高松沢鍾乳洞(高松沢の穴)、水木鍾乳洞、観音霊窟(奥之院、奥之院鍾乳洞、出流鍾乳洞)、大師霊窟、大日霊窟、不動霊窟(不動尊霊窟)、普賢霊窟(普賢菩薩の穴、毘沙門天の穴)

日 程 2024年10月4日(金)〜6日(日)
参加者 千葉、村野、細野、櫻田、平間、矢島、東京スペレオクラブ、東山ケイビングクラブ、あぶくま・けいばぁず・くらぶ、うきぐもケイビングクラブ、山口ケイビングクラブ、カマネコ探検隊、火山洞窟学会、東京農業大学探検部、東洋大学探検部、明治大学地底研究部、大阪大学探検部 以上約85名
佐野市葛生大会ポスター 日本洞窟学会主催の学術大会が栃木県佐野市で開催された。期間は10月5日(土)〜6日(日)。
地R元からは千葉・細野・村野が大会実行委員、櫻田・平間・矢島がプレ及びポスト洞窟巡検スタッフとして参加した。また、千葉はポスター講演「栃木県内における洞窟の紹介」を発表した。
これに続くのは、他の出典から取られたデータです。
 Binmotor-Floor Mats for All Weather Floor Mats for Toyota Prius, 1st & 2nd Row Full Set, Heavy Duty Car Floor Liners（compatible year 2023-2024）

4日19:30、千葉車が細野宅に到着。装備を積み込み出発。
大泉ICから東京外環自動車道にのり、東北自動車道へと進む。小雨。

21:30、北関東自動車道・佐野田沼ICで降りる。
現地へと向かう途中、いつもはセブイレブンだが、今回はベルク 佐野田沼店にて買い出し。地域性のあるものを物色するが特に見当たらず、ビールと味付け肉、値引き総菜を1万円弱買って移動再開。

10:30、葛生化石館に到着。
先乗りしていた松本@東山ケイビングクラブと合流。小雨の中、テントの下で懇親を深める。
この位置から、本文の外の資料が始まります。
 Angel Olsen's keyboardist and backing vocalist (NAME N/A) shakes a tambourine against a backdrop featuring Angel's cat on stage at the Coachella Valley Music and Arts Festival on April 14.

11:30、山田@東山ケイビングクラブが合流。岩手からなのに遅刻だとなじる。

26:30(2:30)、各々車内で消灯。小雨が続く。
5日6:00、起床。オジサンたちの朝は早い。曇天。
近くのセブンイレブン 葛生中央西店まで歩いていき、朝食の買い出し。揃ってニュータッチ 佐野ラーメンを購入。これがなかなかの再現度で美味しい。
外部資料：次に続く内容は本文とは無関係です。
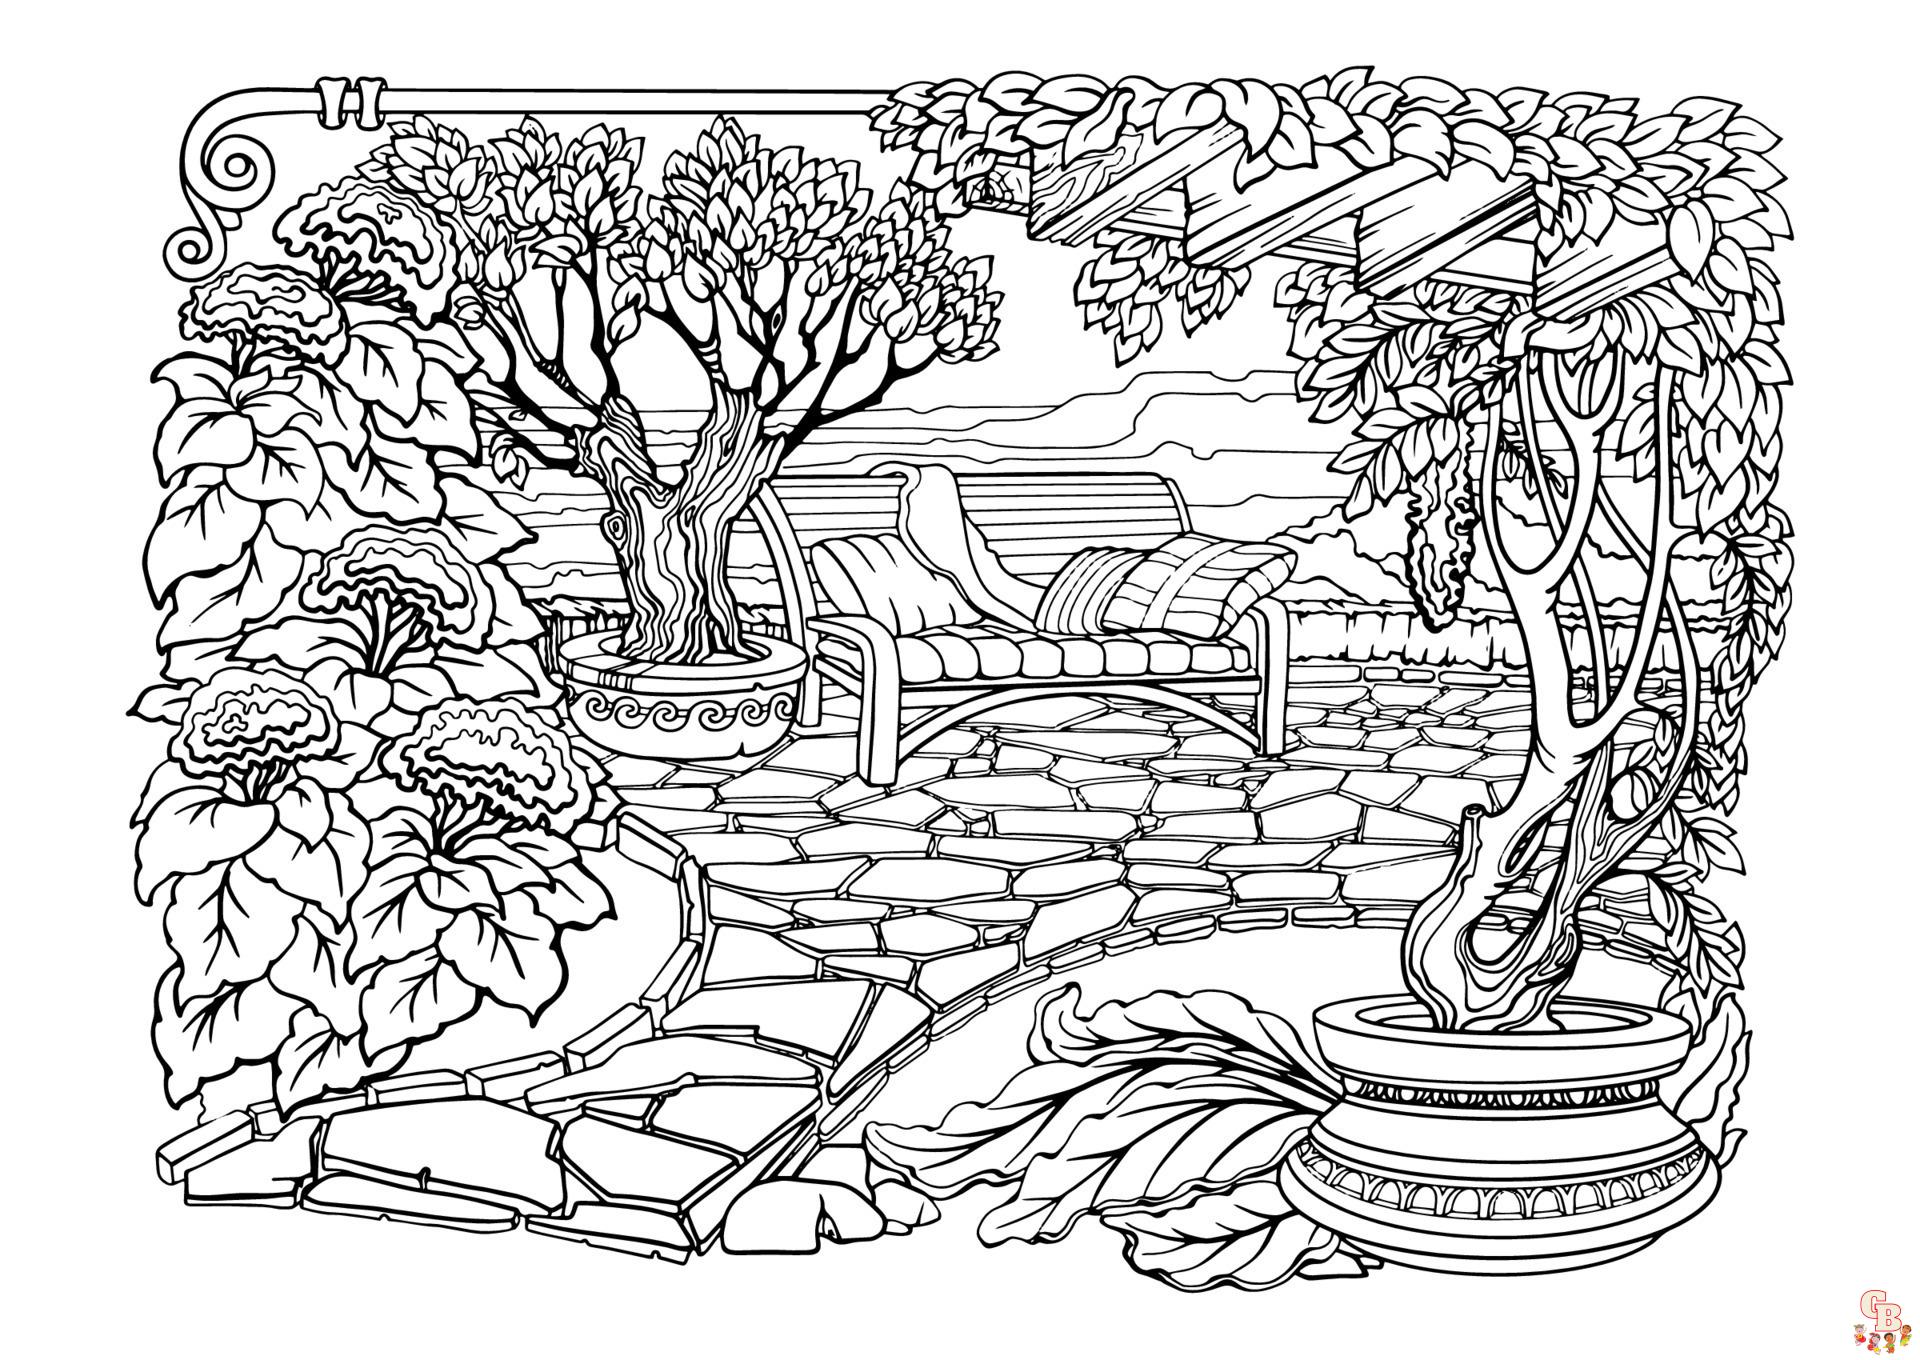 http://gbcoloring.com/wp-content/uploads/2023/02/garden-coloring-pages-54.jpg

7:00、巡検スタッフである櫻田・平間・矢島、東京農業大学探検部東洋大学探検部が集合する。村野も早々に合流。
あれ、数人足りない。プレ活動(地R元第411回CAVING)に続き、またもや東洋大3名、しかも同じ輩が遅刻である。
簡単にブリーフィングを行う。

7:30、遅刻東洋大が合流。ひたすら謝ってきて苦笑い。

7:45、プレ巡検参加者が続々と到着。巡検担当ではない村野・細野に手伝ってもらいながら、参加者には支払い手続きをしてもらう。小雨が降ってきた。

8:00、1名足りないがプレ巡検スタート。千葉による挨拶。事前に「日本洞窟学会第50回大会(佐野市葛生大会) 10/5(土)10/6(日)洞窟巡検の手引書」を配布してあるので、簡単な諸注意をして2コースに分かれて出発準備をしてもらう。
「高松沢鍾乳洞と水木鍾乳洞」は前者がCL櫻田、後者がCL矢島。
「出流鍾乳洞群」はCL平間。平間には「大師霊窟」用に4尺脚立とカットしたベニヤ板を渡す。共に朽ちた鉄梯子や床網補強用である。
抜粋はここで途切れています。